Signed-off-by: Andrew Cooper <andrew.cooper3@citrix.com>
Reviewed-by: Jan Beulich <jbeulich@suse.com>
diff --git a/xen/arch/x86/hvm/vmx/vmx.c b/xen/arch/x86/hvm/vmx/vmx.c
index d429d76c18c9..3f4276531322 100644
--- a/xen/arch/x86/hvm/vmx/vmx.c
+++ b/xen/arch/x86/hvm/vmx/vmx.c
@@ -66,7 +66,8 @@ boolean_param("force-ept", opt_force_ept);
static void vmx_ctxt_switch_from(struct vcpu *v);
static void vmx_ctxt_switch_to(struct vcpu *v);
-static int alloc_vlapic_mapping(void);
+static int vmx_alloc_vlapic_mapping(struct domain *d);
+static void vmx_free_vlapic_mapping(struct domain *d);
static void vmx_install_vlapic_mapping(struct vcpu *v);
static void vmx_update_guest_cr(struct vcpu *v, unsigned int cr,
unsigned int flags);
@@ -77,8 +78,6 @@ static int vmx_msr_read_intercept(unsigned int msr, uint64_t *msr_content);
static int vmx_msr_write_intercept(unsigned int msr, uint64_t msr_content);
static void vmx_invlpg(struct vcpu *v, unsigned long linear);
-static mfn_t __read_mostly apic_access_mfn = INVALID_MFN_INITIALIZER;
-
/* Values for domain's ->arch.hvm_domain.pi_ops.flags. */
#define PI_CSW_FROM (1u << 0)
#define PI_CSW_TO (1u << 1)
@@ -402,6 +401,7 @@ static int vmx_domain_initialise(struct domain *d)
.to = vmx_ctxt_switch_to,
.tail = vmx_do_resume,
};
+ int rc;
d->arch.ctxt_switch = &csw;
@@ -411,15 +411,24 @@ static int vmx_domain_initialise(struct domain *d)
*/
d->arch.hvm.vmx.exec_sp = is_hardware_domain(d) || opt_ept_exec_sp;
+ if ( (rc = vmx_alloc_vlapic_mapping(d)) != 0 )
+ return rc;
+
return 0;
}
+static void vmx_domain_relinquish_resources(struct domain *d)
+{
+ vmx_free_vlapic_mapping(d);
+}
+
static void domain_creation_finished(struct domain *d)
{
gfn_t gfn = gaddr_to_gfn(APIC_DEFAULT_PHYS_BASE);
+ mfn_t apic_access_mfn = d->arch.hvm.vmx.apic_access_mfn;
bool ipat;
- if ( !has_vlapic(d) || mfn_eq(apic_access_mfn, INVALID_MFN) )

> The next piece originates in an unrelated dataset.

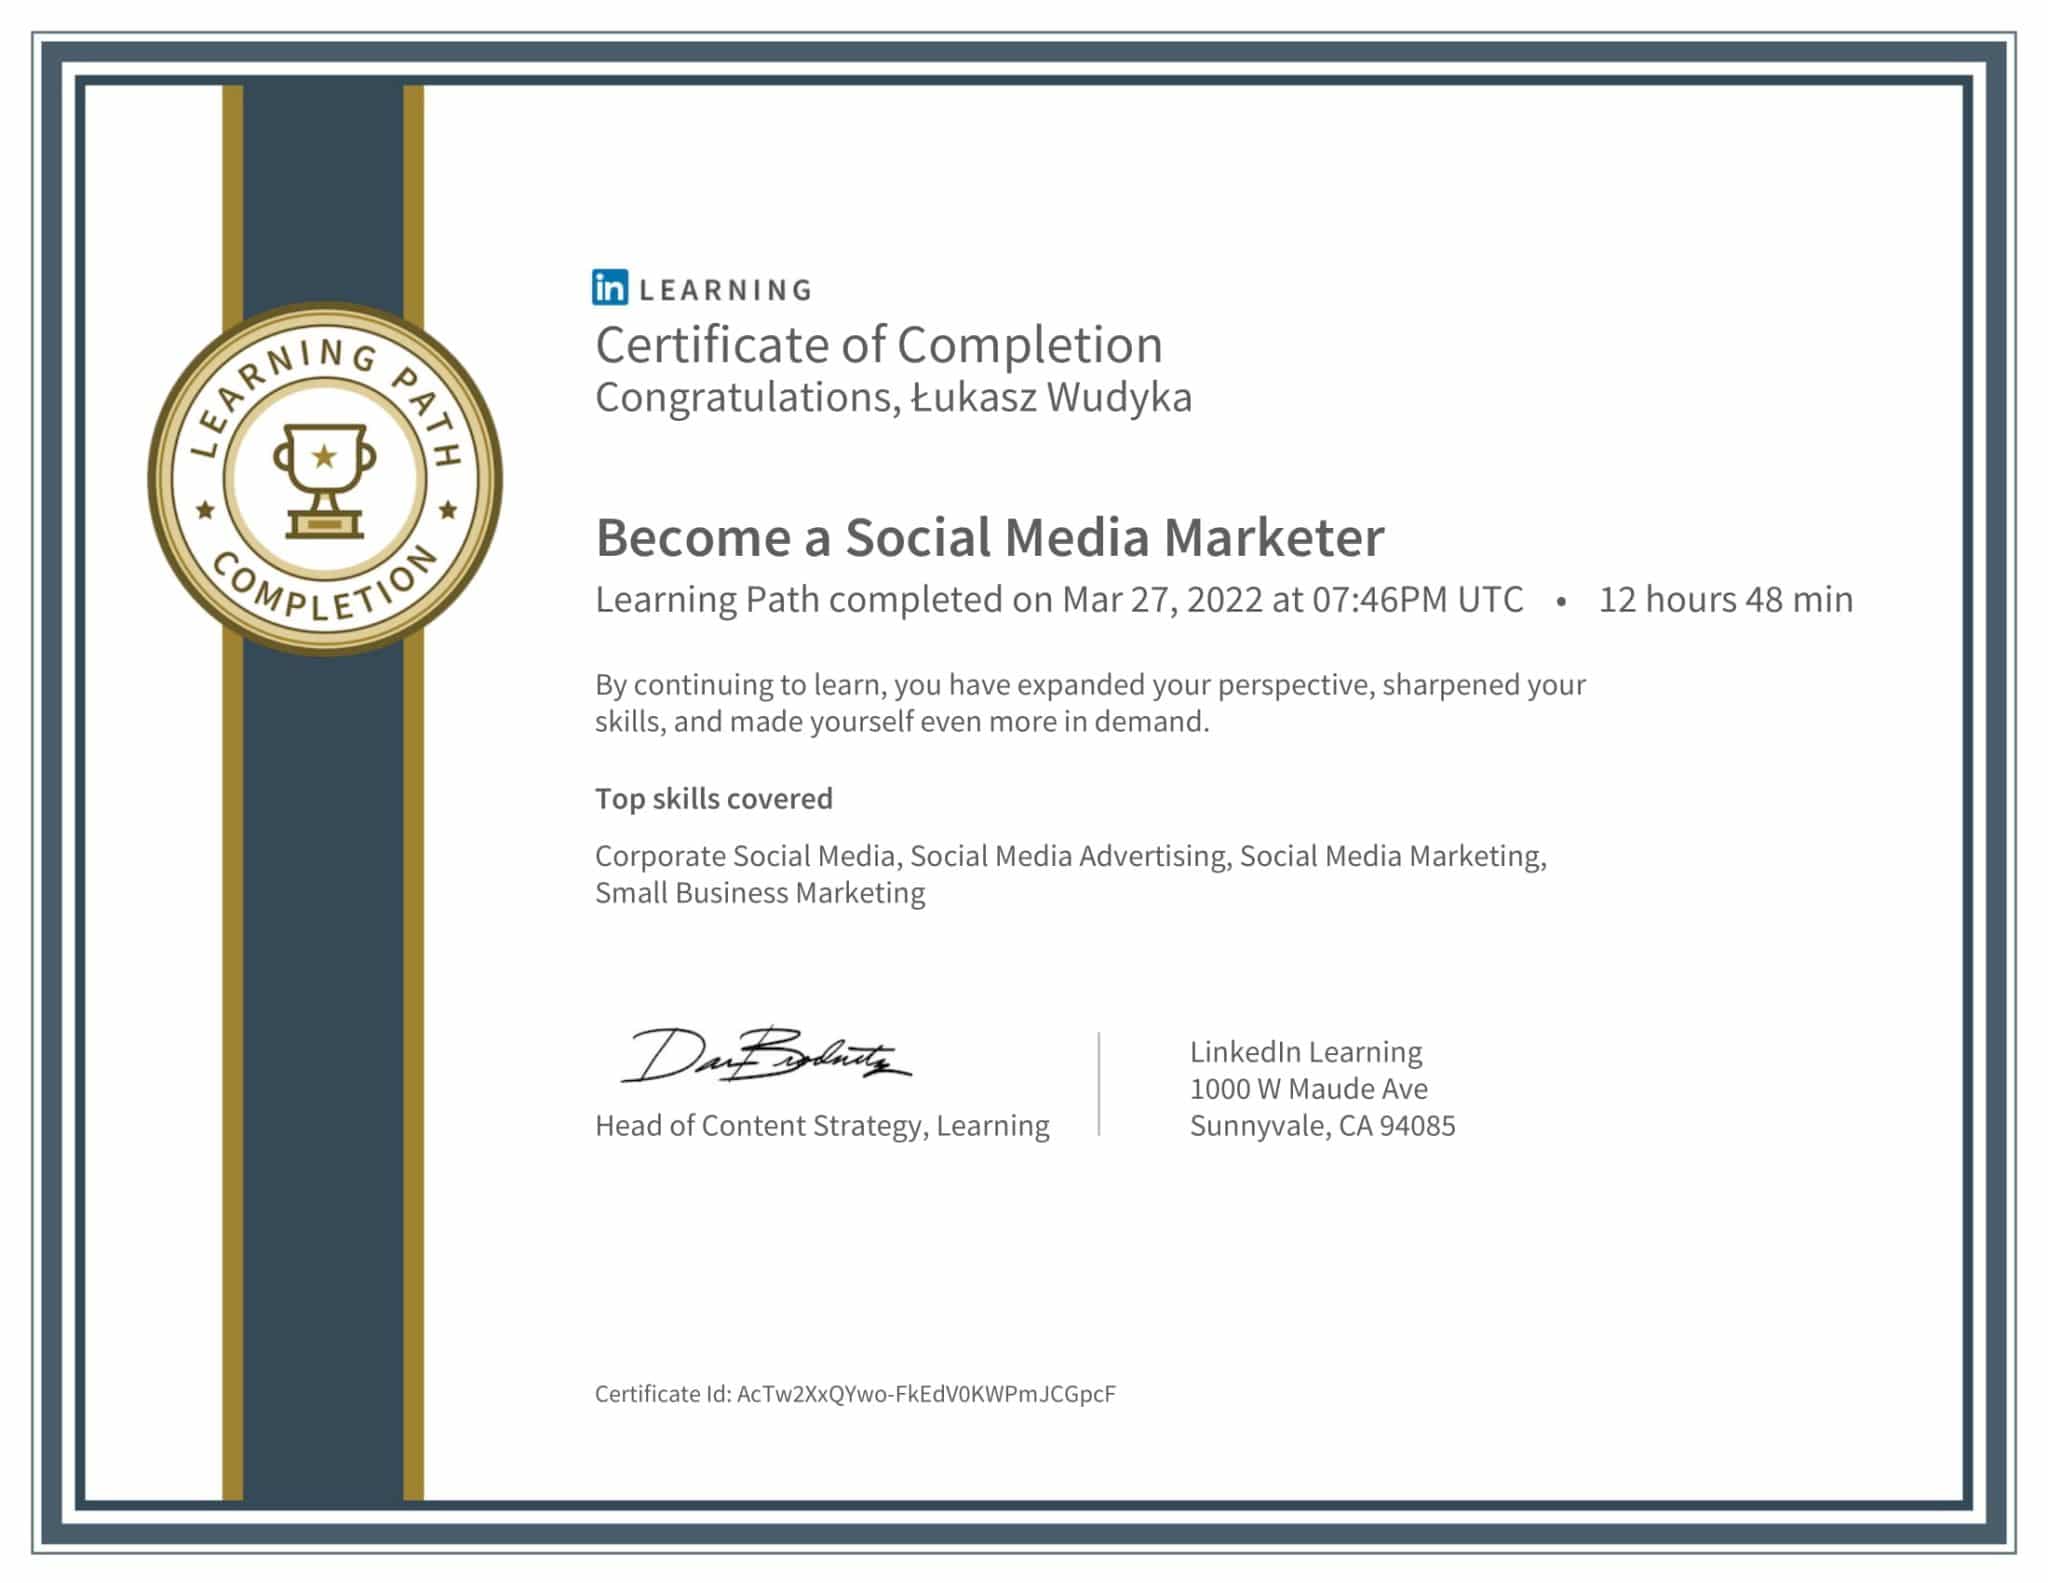 CertificateOfCompletion_Become a Social Media Marketer-1

+ if ( mfn_eq(apic_access_mfn, _mfn(0)) )
return;
ASSERT(epte_get_entry_emt(d, gfn, apic_access_mfn, 0, &ipat,
@@ -2481,6 +2490,7 @@ static struct hvm_function_table __initdata vmx_function_table = {
.cpu_up_prepare = vmx_cpu_up_prepare,
.cpu_dead = vmx_cpu_dead,
.domain_initialise = vmx_domain_initialise,
+ .domain_relinquish_resources = vmx_domain_relinquish_resources,
.domain_creation_finished = domain_creation_finished,
.vcpu_initialise = vmx_vcpu_initialise,
.vcpu_destroy = vmx_vcpu_destroy,
@@ -2731,7 +2741,7 @@ const struct hvm_function_table * __init start_vmx(void)
{
set_in_cr4(X86_CR4_VMXE);
- if ( vmx_vmcs_init() || alloc_vlapic_mapping() )
+ if ( vmx_vmcs_init() )
{
printk("VMX: failed to initialise.\n");
return NULL;
@@ -3305,36 +3315,55 @@ static int vmx_msr_read_intercept(unsigned int msr, uint64_t *msr_content)
return X86EMUL_EXCEPTION;
}
-static int __init alloc_vlapic_mapping(void)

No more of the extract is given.